# selaginella



## gary1218 (Dec 31, 2005)

Just couldn't pass up this large bunch of selaginella when I walked by it at the nursery today.









This is what I mainly went for. A little ground cover for the next imi viv.


----------



## dom (Sep 23, 2007)

that looks like a huges green brain


----------



## Frogtofall (Feb 16, 2006)

Nice Selaginella specimen. I can't tell from the pics, is that "Gold Tips" or variegated?


----------



## Android1313 (Dec 15, 2006)

Nice score! Yeah it looks like gold tips that got a ton of light to me! :shock:


----------



## housevibe7 (Sep 24, 2006)

That is an amazing looking plant Gary. Unfortunately my usually very green thumb does not extend to selaginella and I kill almost all of it I have...


----------



## gary1218 (Dec 31, 2005)

Frogtofall said:


> Nice Selaginella specimen. I can't tell from the pics, is that "Gold Tips" or variegated?


Gold tips.

There were DOZENS of these pots, $6.99. If it wasn't for the cold winter weather I would have bought several and shipped them to you guys. Sorry


----------



## harrywitmore (Feb 9, 2004)

That is an amazing Selaginella. I do not think it is S krausiana 'Gold Tips' though. But I'm not sure what it is.


----------



## syble (Mar 20, 2007)

I've got one of those growing in my tank, great plants, nothing seams to bother it!
Sib


----------



## defaced (May 23, 2005)

I've seen it referred to as "frosty" if I remember right. I bought a few last year but I didn't acclimate it properly and it keeled over.


----------



## syble (Mar 20, 2007)

I've found some plants are really hit and miss when it comes to aclimation. I've had all my nepenthes work excellent except 1, iveys were 50/50, and baby's tears either takes right off the bat or dies a fungusy death quickly! I've only got the one frosted fern, and it didn't seam to notice that it got moved.
Sib


----------



## flyangler18 (Oct 26, 2007)

> I've had all my nepenthes work excellent except 1


Yep, same here- _madagascariensis_ just doesn't seem to do well for me!


----------



## syble (Mar 20, 2007)

it was a talengensis for me, died with avengance!
Sib


----------



## KeroKero (Jun 13, 2004)

Yeah it's probably 'Frosty' if the tips are white.... it's a S. martensii cultivar if I remember correctly. Try taking cuttings off it and rooting them for use in the terrarium rather than trying to put the whole plant in (which gets kinda large anyways).

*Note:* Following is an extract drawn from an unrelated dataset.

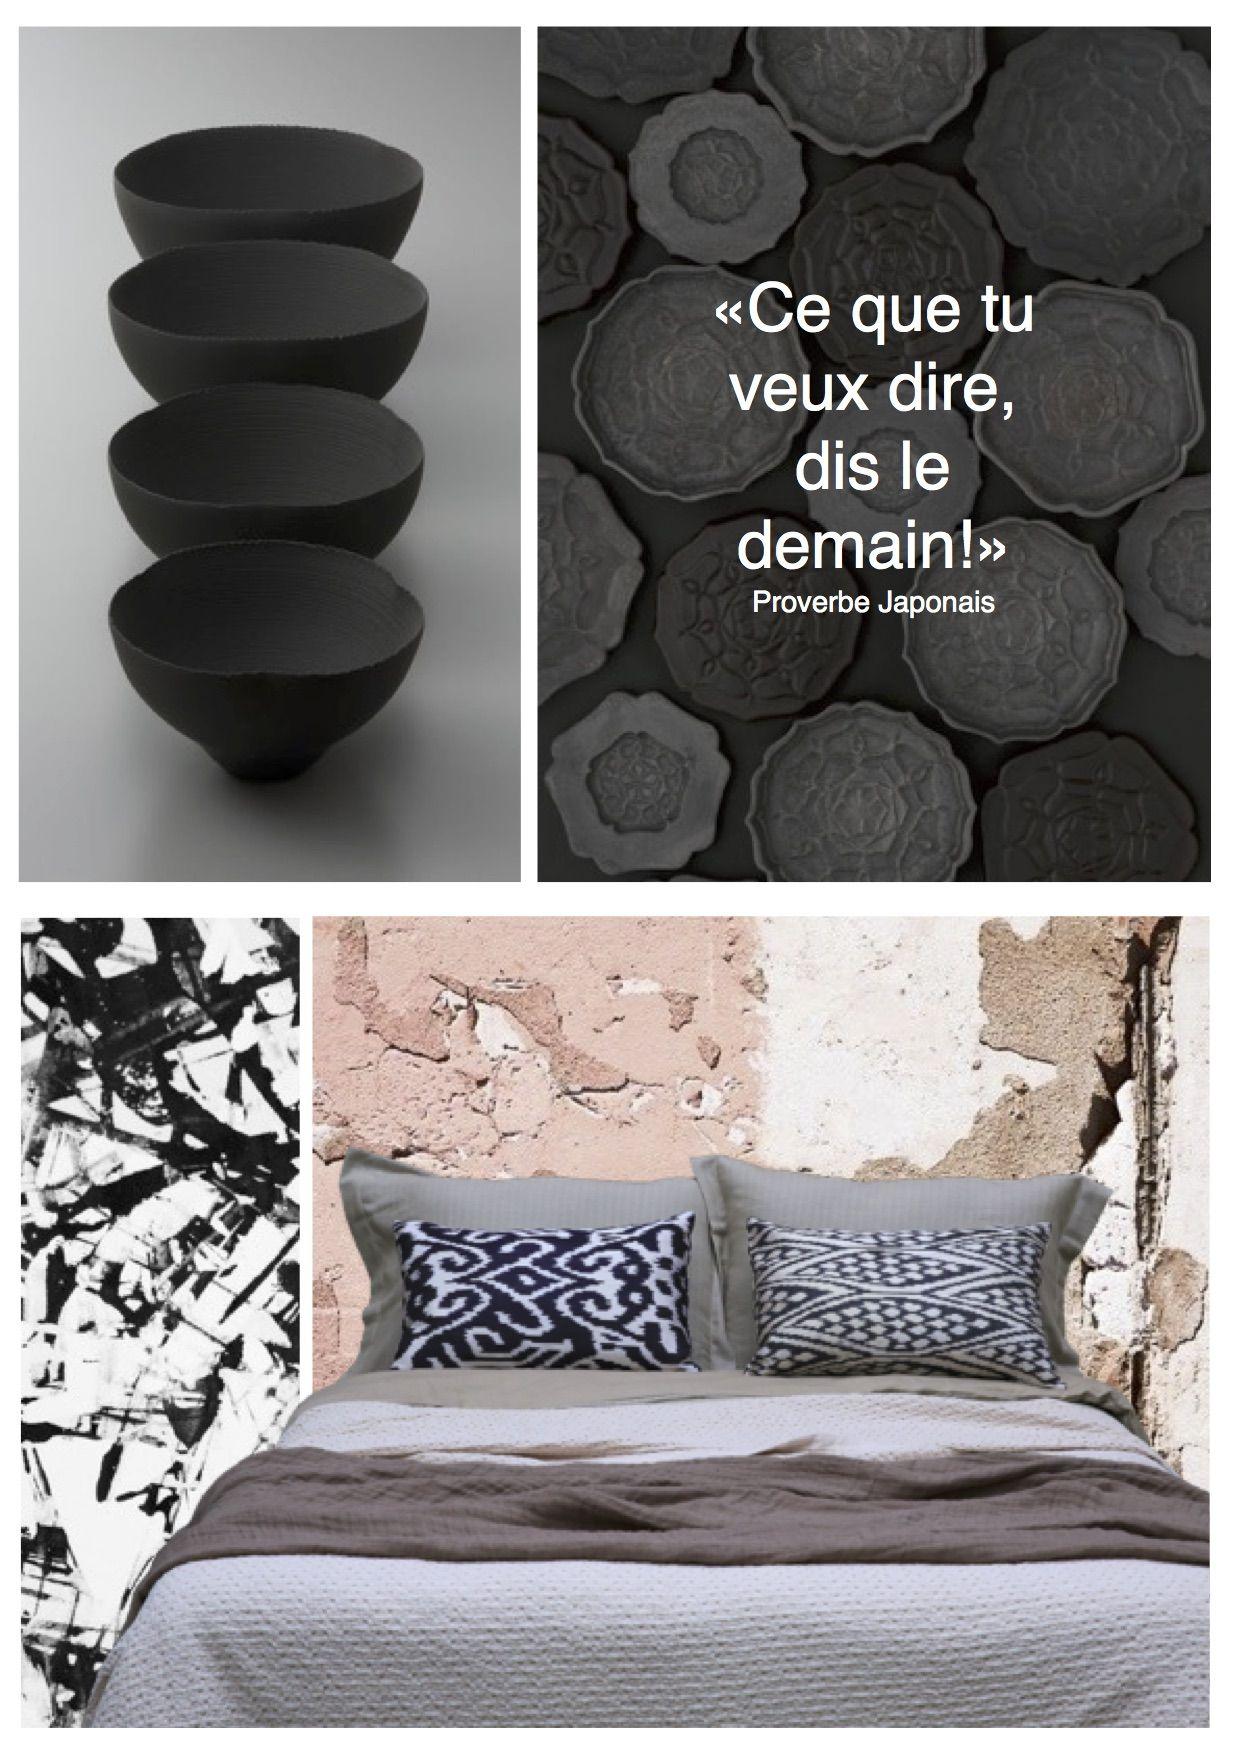 coussin linge de lit INSPIRATION JAPONAISE Coussins en Ikat de soie, modèles  coussin linge de lit

And I find you description of Marble Queen pothos as a "ground cover" amusing since it will do everything it can to grow UP. :lol:


----------



## gary1218 (Dec 31, 2005)

KeroKero said:


> And I find you description of Marble Queen pothos as a "ground cover" amusing since it will do everything it can to grow UP. :lol:


Bad choice of wording on my part  I guess I meant it will be along the bottom substrate so that the bottom is not just bare and will give the imis some places to hide.


----------



## KeroKero (Jun 13, 2004)

That's what the leaf litter is for  The imis will more likely use pothos as a place to climb around and call and such 

I've had luck in the past using Philo. scandens... but that also is good for when you don't want to collect eggs because they will hide them between the hanging leaves of the philo...


----------



## gary1218 (Dec 31, 2005)

KeroKero said:


> That's what the leaf litter is for  The imis will more likely use pothos as a place to climb around and call and such


That's in there too. Basically the front 1/3 of the viv is a few inches of mag leaves. The back 2/3 will be the pathos "jungle"


----------